Еще раз на пробу пошевелил кистями и сделал знакомое усилие. Раздался характерный щелчок. Ура! Кажется, получилось. Я завозился на полу, пытаясь высунуть хотя бы одну руку из веревочной петли.

— Ты что там делаешь? — с подозрением спросила из темноты Маша.

От напряжения шум в ушах стал громче — или это дождь по крыше застучал?

Черт, а вот это уже больно! Второй большой палец хрустнул, выходя из сустава сам собой, и я наконец почувствовал, что веревка заскользила по кисти. Еще мгновение — и я уперся в пол перед собой локтем освободившейся руки, борясь с головокружением.

— Медведь, ты чего? — забеспокоилась Маша, скорее почувствовав, чем увидев движение. — С тобой все в порядке?

— Абсолютно. — Я перекатился на спину и привычно вправил сначала один палец, а потом другой. — Давай сюда руки.

— Но ты же… Ай! — она взвизгнула от неожиданности, когда я задел рукой ее плечо. — Как… как тебе удалось?!

— Маленькая суперспособность, — объявил я скромно, возясь с влажным, туго затянувшимся узлом.

— Очень крутая способность! — в голосе Маши прозвучало редкое в мой адрес одобрение. — Может, у тебя еще и план есть, как нам отсюда выбраться?

— Ну… — протянул я, чувствуя, как ломается ноготь.

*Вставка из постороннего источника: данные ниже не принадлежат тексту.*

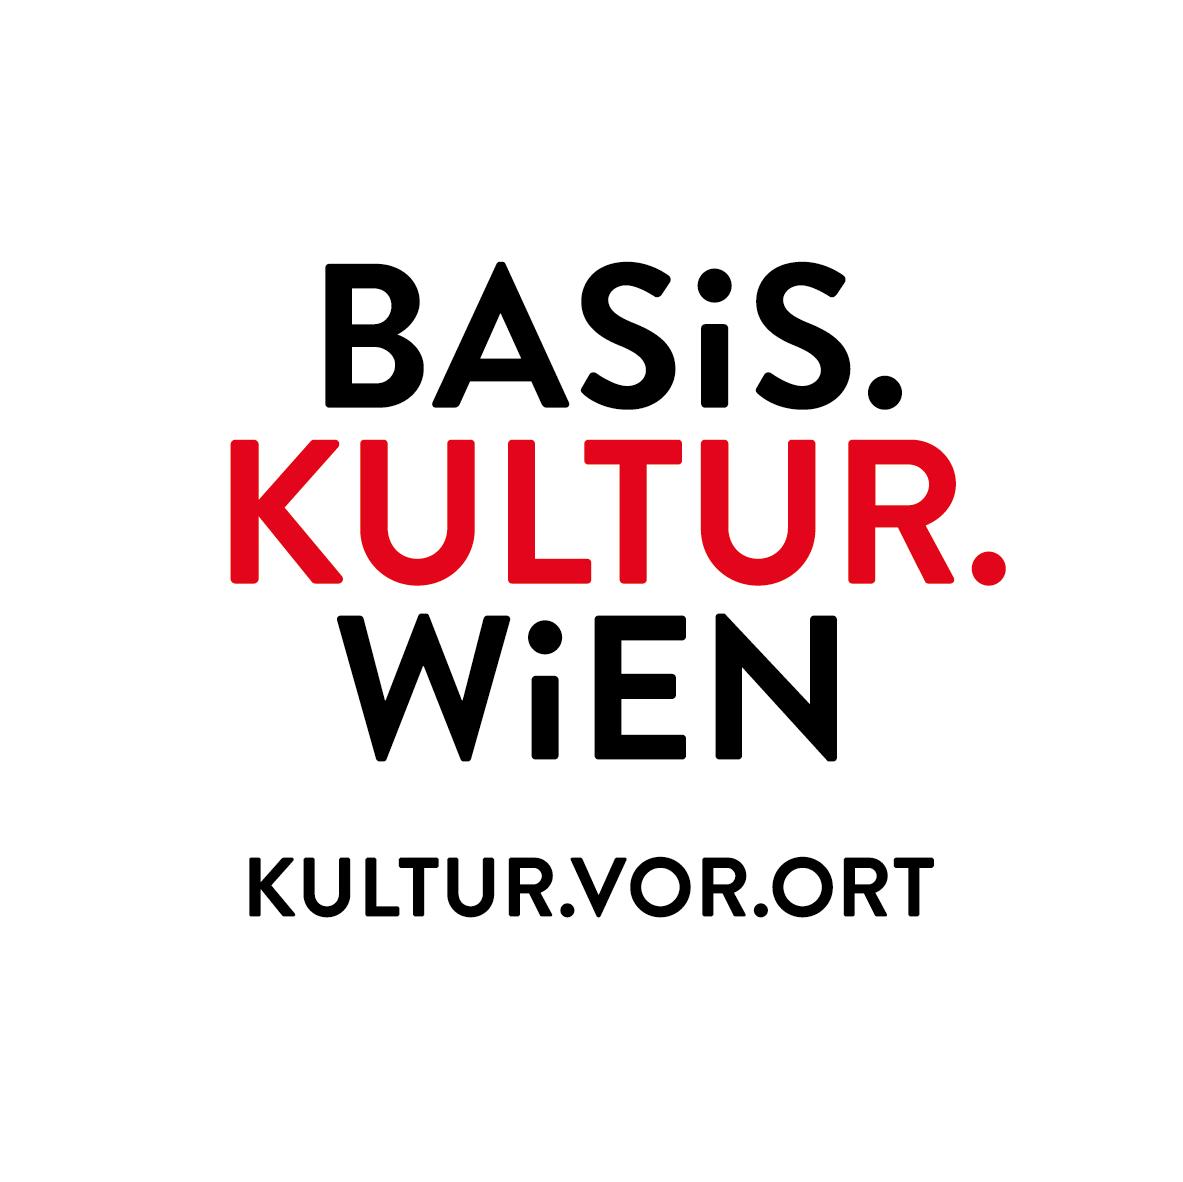 Basis-Kultur-Wien_Logo_Referatsabteilungslogo_Kultur-Vor-Ort_3C.png
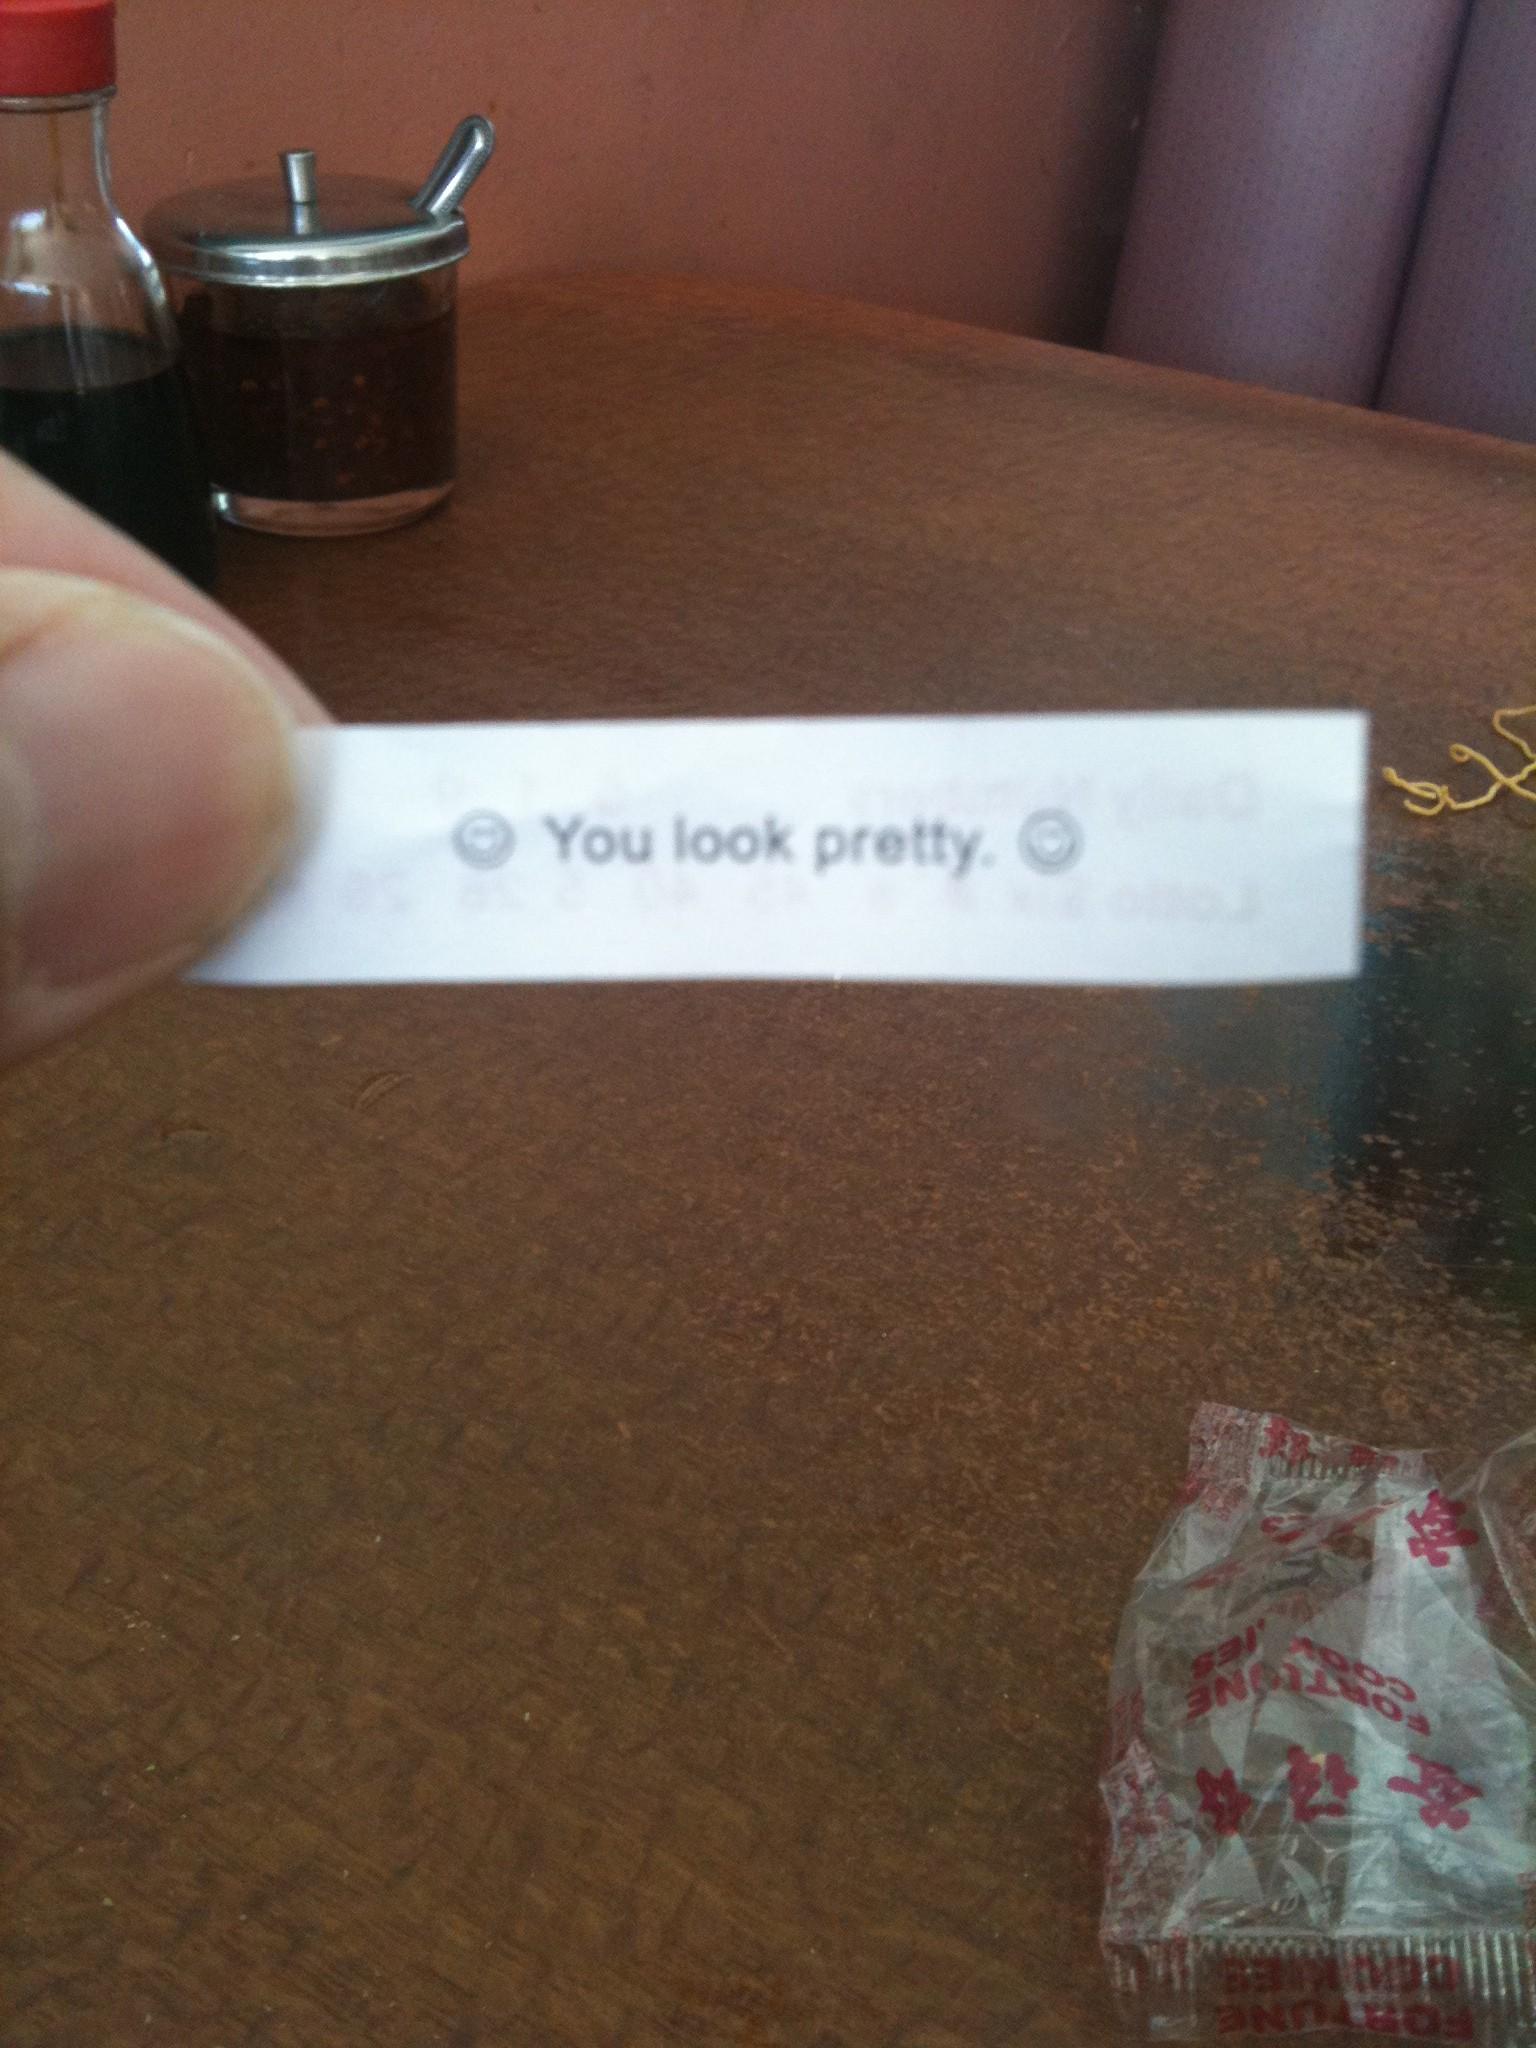 You Look Pretty!

Зато веревка наконец подалась.

Вскоре Маша была уже на ногах, растирая запястья. Потом помогла подняться и мне. Перед глазами все плыло, к горлу подкатывала тошнота, но я не позволял себе раскиснуть. Для этого будет время потом.

Выпрямившись, я смог выглянуть в окно, в которое уже вовсю барабанил дождь. Ничего, кроме черноты, за ним не увидел, но это было как раз то, чего я и ожидал. Фермы, на которые я насмотрелся на Фанё, обычно строились подковой. Жилой дом в центре, по бокам — стойла и подсобные помещения. Вход во все здания — со двора посередине. Значит, окно выходило на зады — иначе мы бы увидели свет в каком-нибудь окне. Ведь где-то же наши охранники убивали время?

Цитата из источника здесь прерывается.